Stochastic gradient descent for a function of multiple variables?

293 Views Asked by At

I realize SGD is used for large data sets where the iterative solution could be approximated by a random sample's gradient instead of the sum over all samples. My question is suppose I have a function of mutiple variables say 'd', i,e just one sample, could one use stochastic gradient descent for just the function? I am asking this because in one of the homework problems in Gilbert Strang's Data science course asks you to compute a single step of gradient descent for a function of two variables, it is explicitly mentioned, full gradient descent not stochastic? I wonder why?

1

There are 1 best solutions below

0
On

I think you're mixing two things here. In Stochastic Gradient Descent (SGD) you utilize all the variables, but not all the data. In Coordinate Descent (CD), you utilize some of the variables, but do use all the data.

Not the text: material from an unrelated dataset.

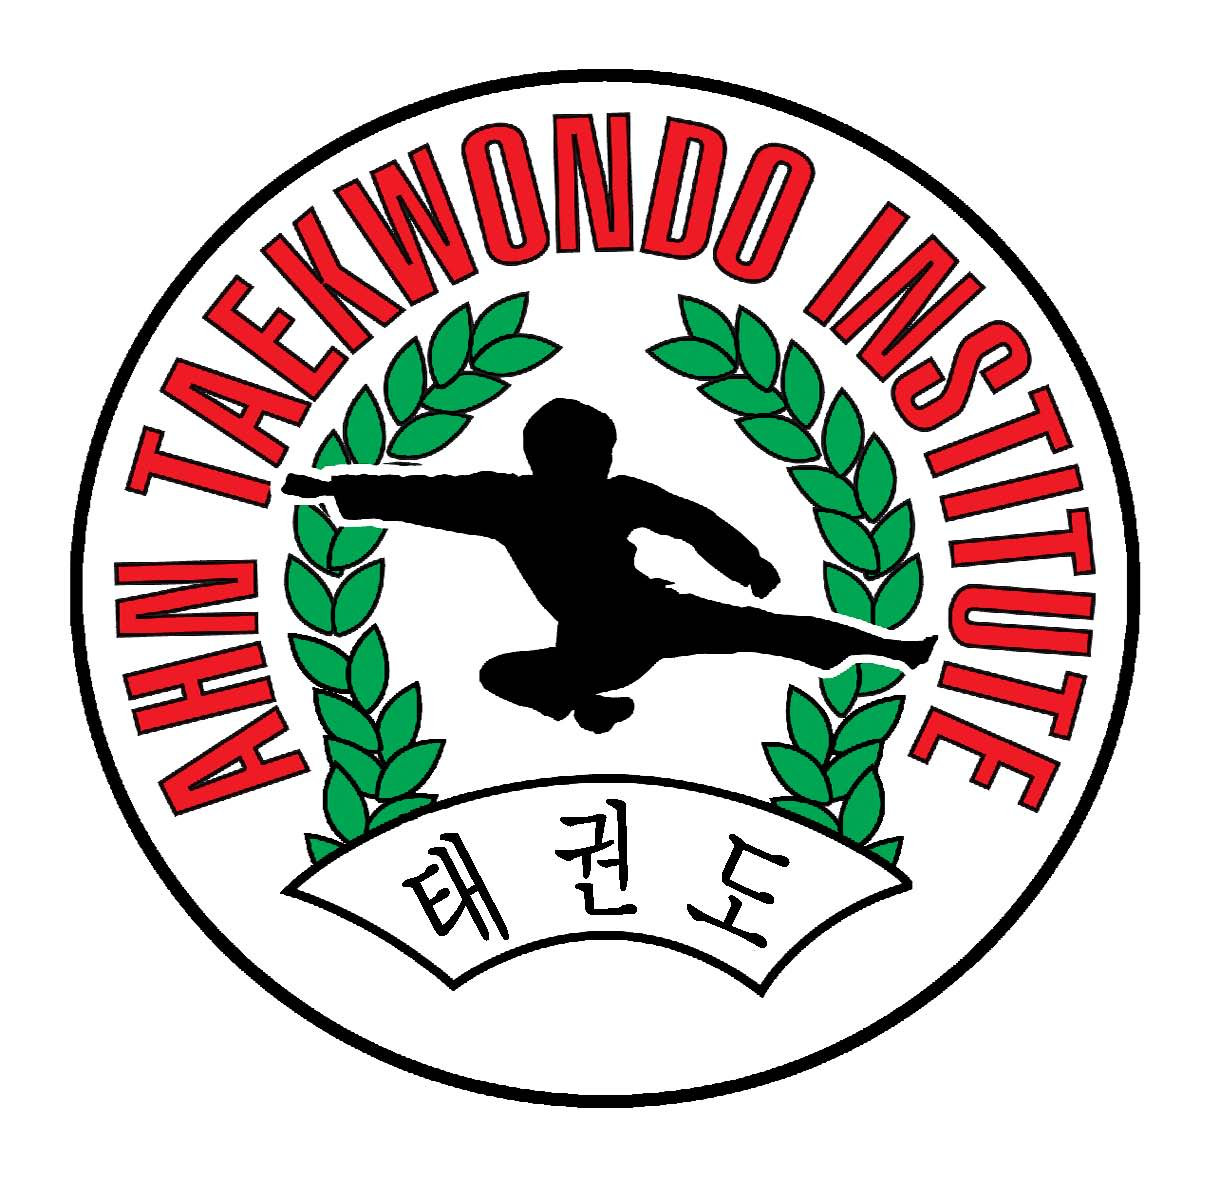 Taekwondo Introduction Classes
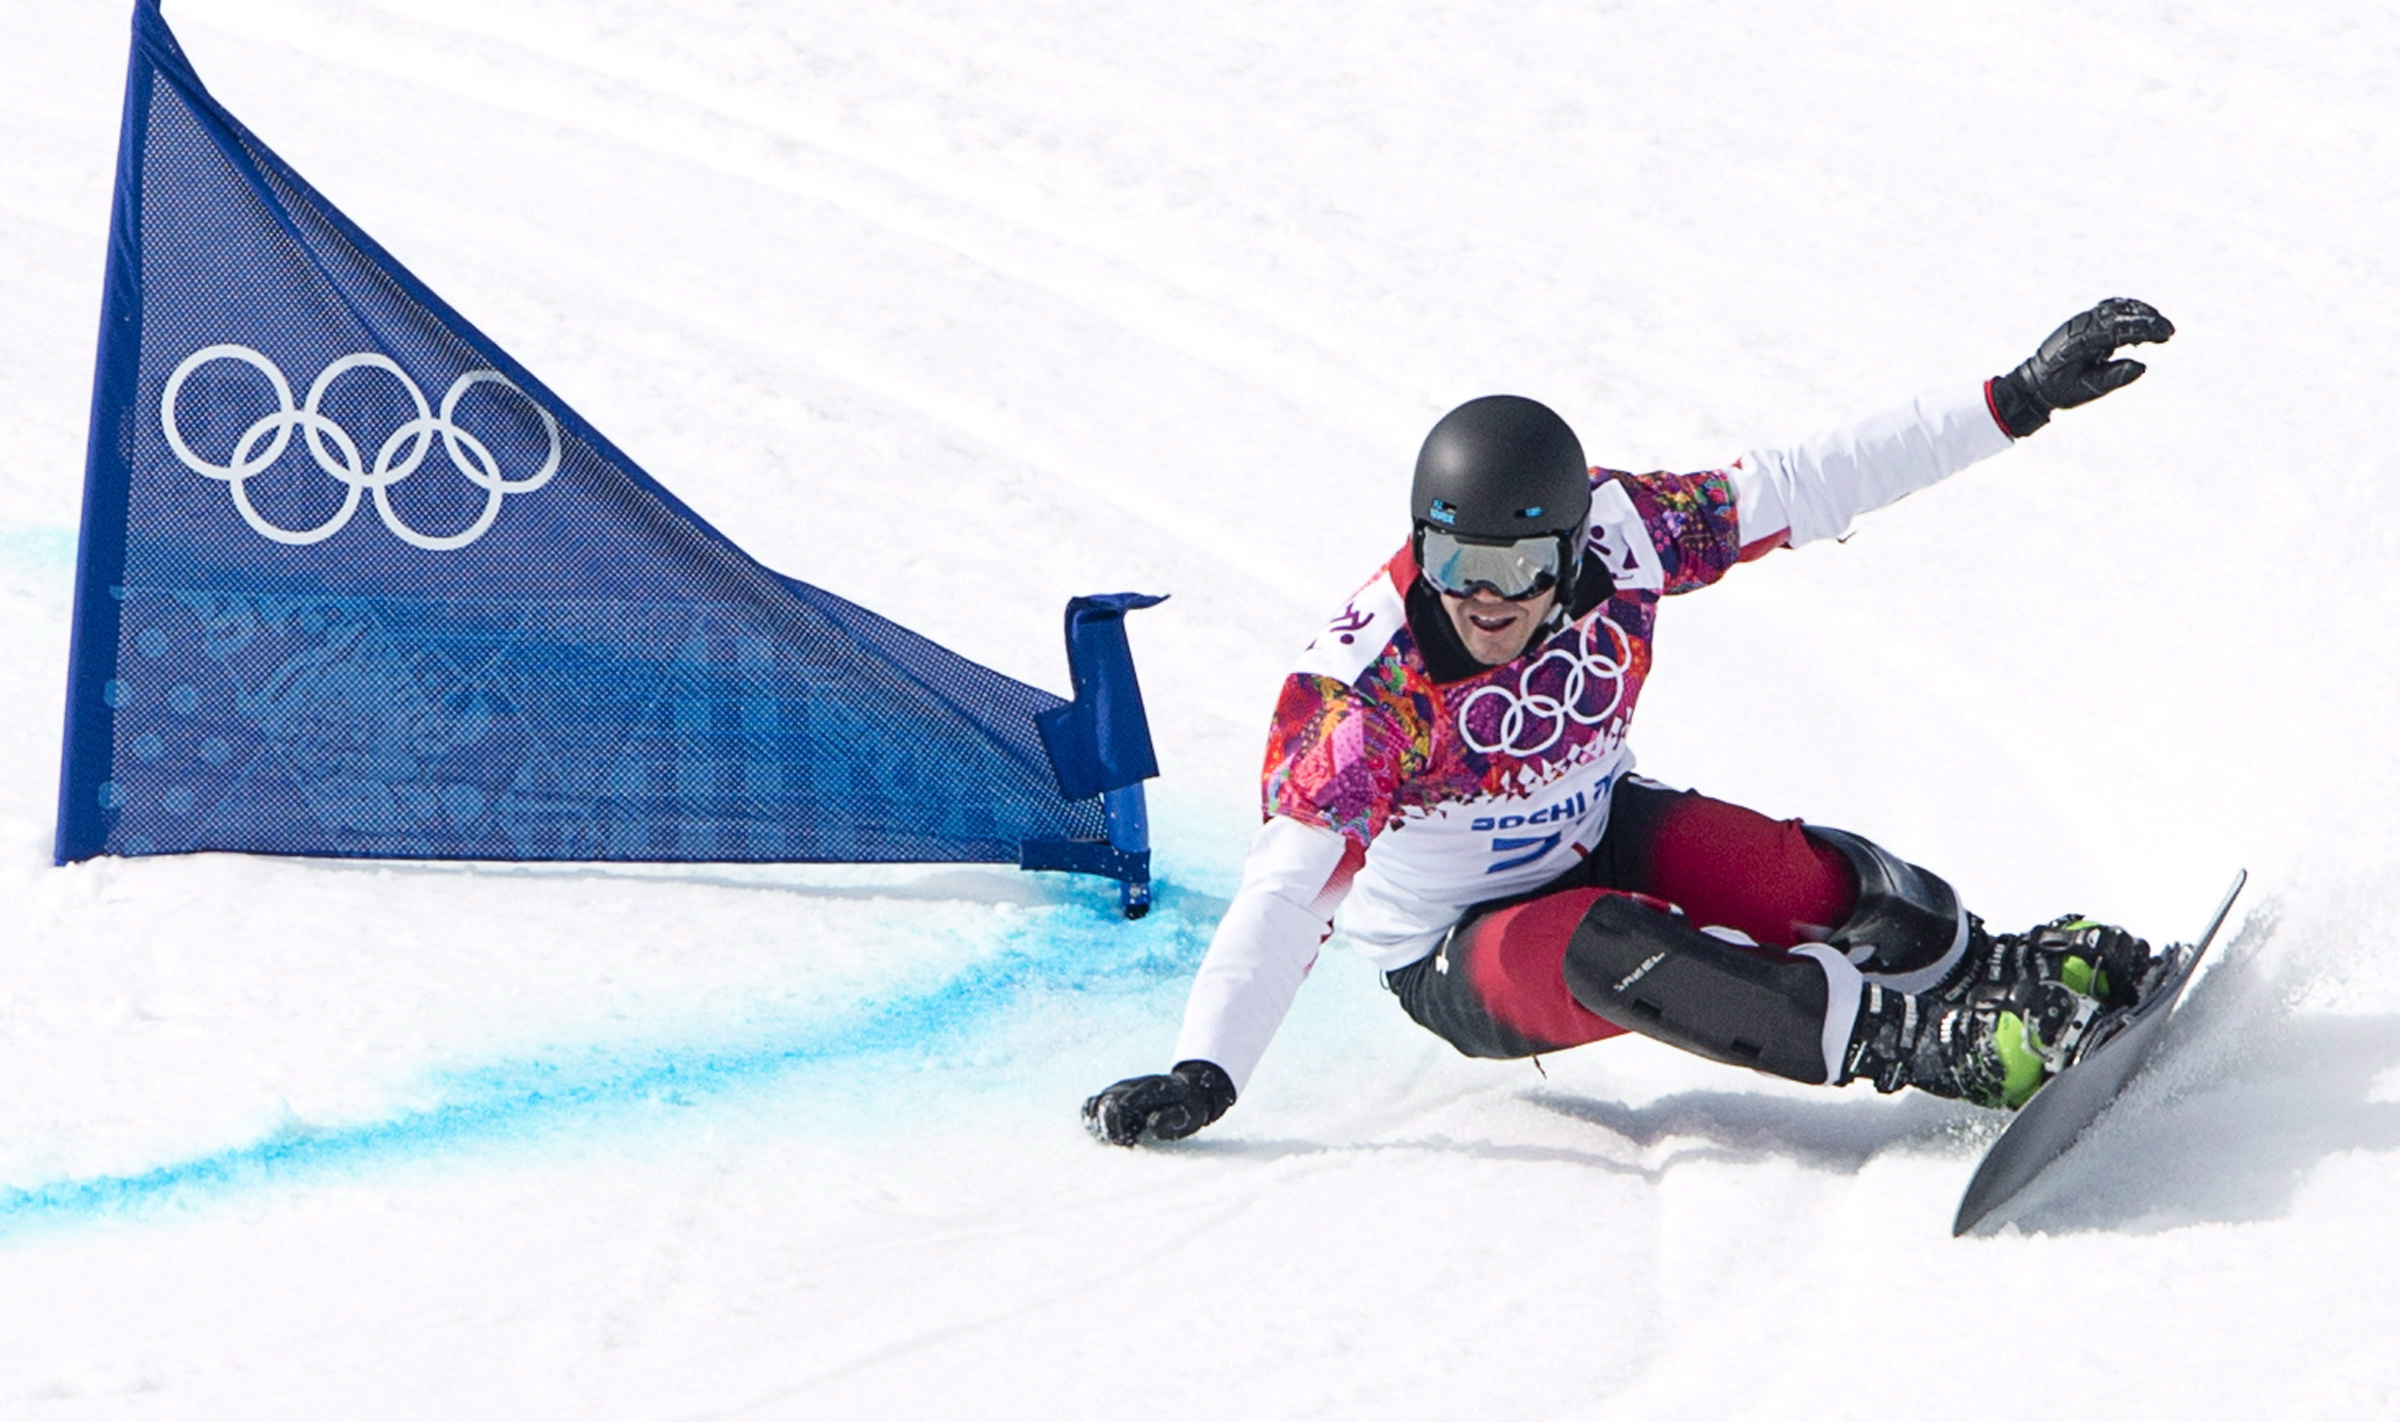 Team Canada - Jasey-Jay Anderson - Sochi 2014

To give an example - consider you have a problem with two variables, $x,y$ and 10 data points. Then when using SGD you calculate the gradient with respect to $x,y$, but at each sub-iteration use only part of the data points to calculate the gradient - let's say 5 data points, then in the next sub-iteration you use the other 5 data points. In a "meta-iteration" you have used all the data. With CD, you will use all 10 data points, but at the first sub-iteration take a step only in the (negative) direction of the gradient with respect to $x$, and in the second sub-iteration use the gradient with respect to $y$. A "meta-iteration" have used all the variables.

Notice that this is a substantial difference! It might sound similar but in fact these algorithms are completely different and lead to different results.